Abu Dhabi government-controlled First Gulf Bank (FGB) and National Bank of Abu Dhabi (NBAD) are preparing to launch the first formal phase of staff retrenchment ahead of their merger that will create the biggest banking entity in the Middle East and North African region.

NBAD, the top lender in the emirate by assets, is expected to handover retrenchment notices to C-2 level executive, a term which usually refers to second-tier management including deputy heads of various departments and senior executive vice president-level employees, at the beginning of the week starting 5 February, the sources said, asking not to be identified as the information is not public. FGB, the third biggest lender in the Abu Dhabi, is expected to do the same, they added.

The C-2 level executives have already been interviewed to determine whether they will continue in their roles or would be made redundant. It is not clear how many personnel will be affected from both FGB and NBAD in the initial phase.

“Job cuts will happen in phases. This is the first one and there are several more to come,” said one of the sources.

The number of job losses from the combined workforce of two banks could be anywhere between 1800 and 2000 or could go even higher, depending on the final business strategy of the new entity, the sources added.

“This is a ballpark figure and there has been no change in that guidance,” a second source said.

FGB and NBAD confirmed that a new level of management will be announced in due course to lead the combined bank once the merger is completed at the end of the first quarter of 2017, a spokesman for both banks said in a joint statement, adding that until then, both lenders will continue to operate independently under their current leadership teams.

“No further decisions relating to the organisational structure or the headcount of the combined bank have been confirmed,” the spokesman said. 

In July, the boards of the two banks voted to merge the two financial giants and recommend the deal to respective shareholders, who in December, gave it a nod.

Alex Thursby, who was at the helm of NBAD at the time of merger announcement, quit his role as chief executive in August and Abhijit Choudhury took over as acting CEO, according to a statement by the bank at the time.

The bank’s four top managers Abdulla Mohammed Saleh AbdulRaheem, the deputy group chief executive; Qamber al-Mulla, the senior managing director and chief executive of Gulf and international; Saif al-Shehhi, the senior managing director, UAE government and Abdulla al-Otaiba, senior managing director and group head of global retail & commercial operations have also quit the bank, according to reports.

NBAD and FGB in the third week of August released the pro-forma preliminary financial information of the entity, which will be established following their combination.

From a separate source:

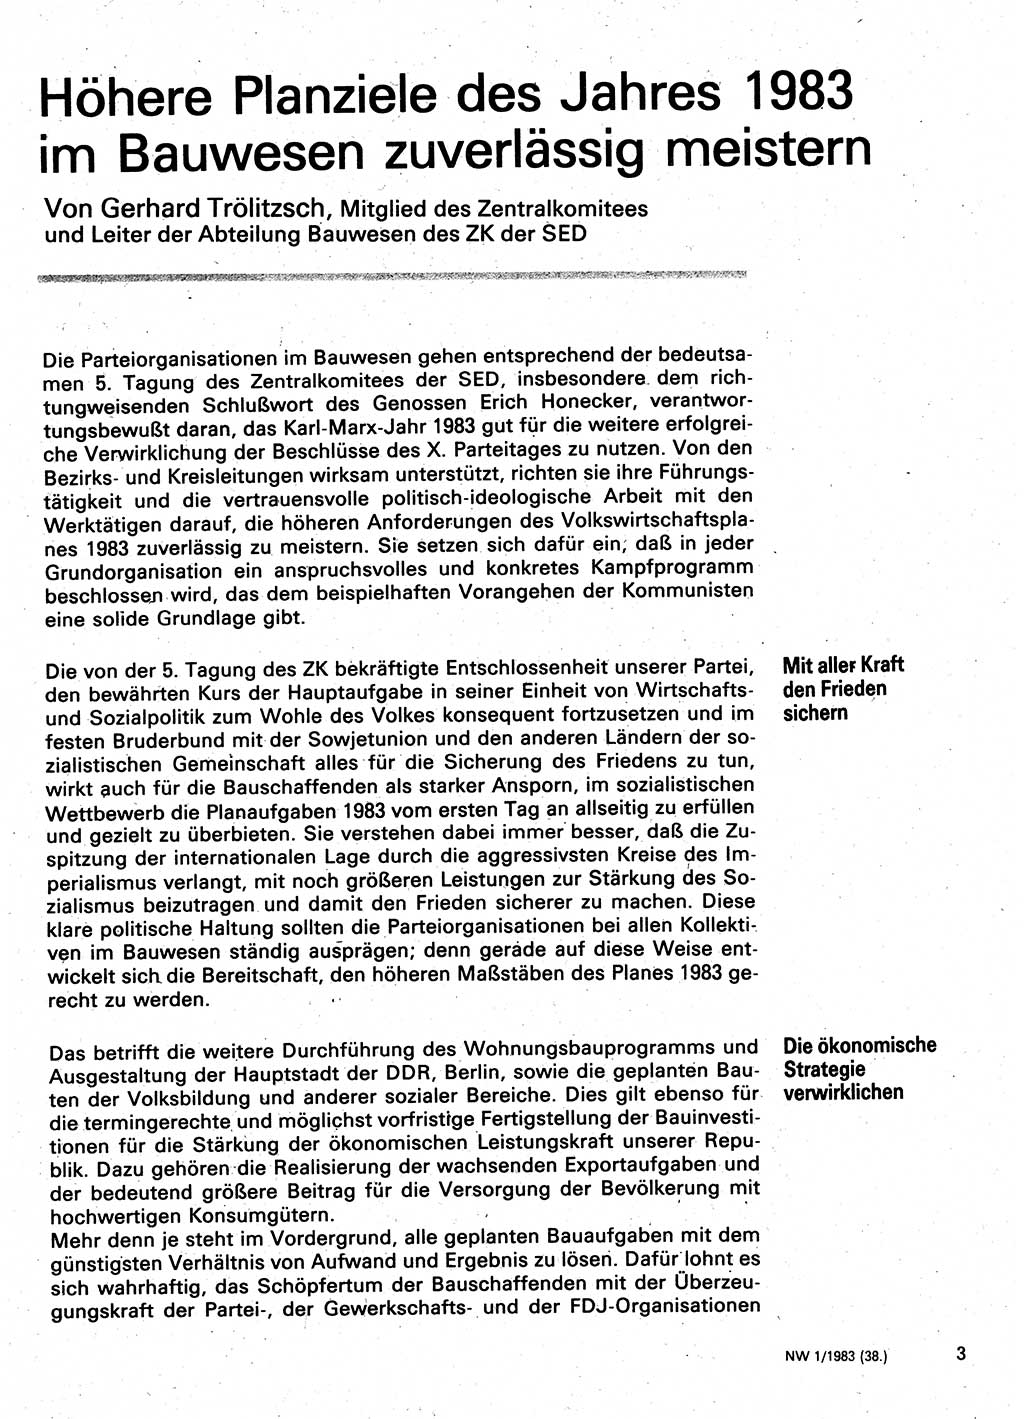 Neuer Weg (NW), Organ des Zentralkomitees (ZK) der SED (Sozialistische Einheitspartei Deutschlands) fÃ¼r Fragen des Parteilebens, 38. Jahrgang [Deutsche Demokratische Republik (DDR)] 1983, Seite 3 (NW ZK SED DDR 1983, S. 3)

FGB was named as the acquirer of NBAD, despite the latter being bigger in the size in terms of assets, they said in joint statement at the time.

FGB has reported an 11 per cent year-on-year decline in the fourth-quarter 2016 net income to AED1.53bn ($417m). NBAD has overshadowed its acquirers quarterly performance as it reported 28 per increase in fourth-quarter net profit to AED1.32bn.

The deal to combine both lenders, which was previously described as merger of equals, will create a lender with AED665.81bn ($181.27bn) in assets, according to the full-year 2016 financial statements by respective entities.

The transaction is the first major move toward consolidation in many years in a market where about 50 lenders compete for business. In July, the boards of the two banks voted to merge the two financial giants and recommend the deal to respective shareholders.

Two of Abu Dhabi’s largest sovereign investment funds International Petroleum Investment Company (IPIC) and Mubadala Development Company are also in the process of merging.